After my last visit to the federal prosecutor’s office in Manhattan, I went home, dropped my cell phone into the trash bin, huddled under the covers, and cried like I did it for a living. I mourned not only the loss of my lover and best friend, but also the death of everything I believed to be true. All those years…all those memories were a lie. My husband embezzled millions from anybody willing to trust him with their savings account. I lived it and it still sounds like the bad plot of a Lifetime movie to me. Unfortunately, though, it is not a Lifetime movie, it is the steaming pile called my life. I have the paperwork to prove it.

I emerged from my cocoon of despair not a beautiful butterfly, but rather a woman harboring more rage than was healthy. And it was all directed at one gender. Then I packed my bags and my cat, and made the pride-crushing journey back to my parents’ house in a yellow cab because my BMW had already been repossessed.

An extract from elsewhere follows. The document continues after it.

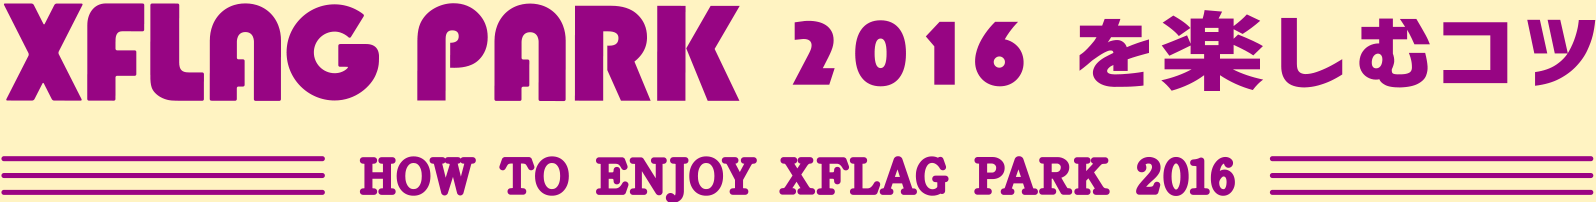 XFLAG PARK 2016を楽しむコツ HOW TO ENJOY XFLAG PARK 2016

Four months have passed since I’ve lost my home and my job. The house holds too many memories; I wasn’t entirely sad to see it go. The job is a different matter altogether. That hadn’t been my decision to make. The department of education thought it best for all parties involved if I just fucked off since some of the parents of my third graders had invested with Matt.

“Any luck, Punkin’?”

My father places his calloused, knobby hand on my shoulder. I love my mother, I really do, but I’m my father’s daughter. I pat his hand and look up into sympathetic brown eyes. The same eyes as mine. Although he’s still handsome in a rugged way, Thomas DeSantis seems to have aged exponentially since the proverbial shit has hit the fan. Lately, he’s looking older than his sixty-six years.

I’m an only child, a miracle baby. I’ve heard the story a billion times. How I came along after ten years of marriage, long after my parents had stopped hoping to conceive. So to say that they have all their hopes and dreams in one basket is not an exaggeration.

“Nothing yet,” I say, my voice hitting a strange high note that sounds like the worst attempt at optimism ever.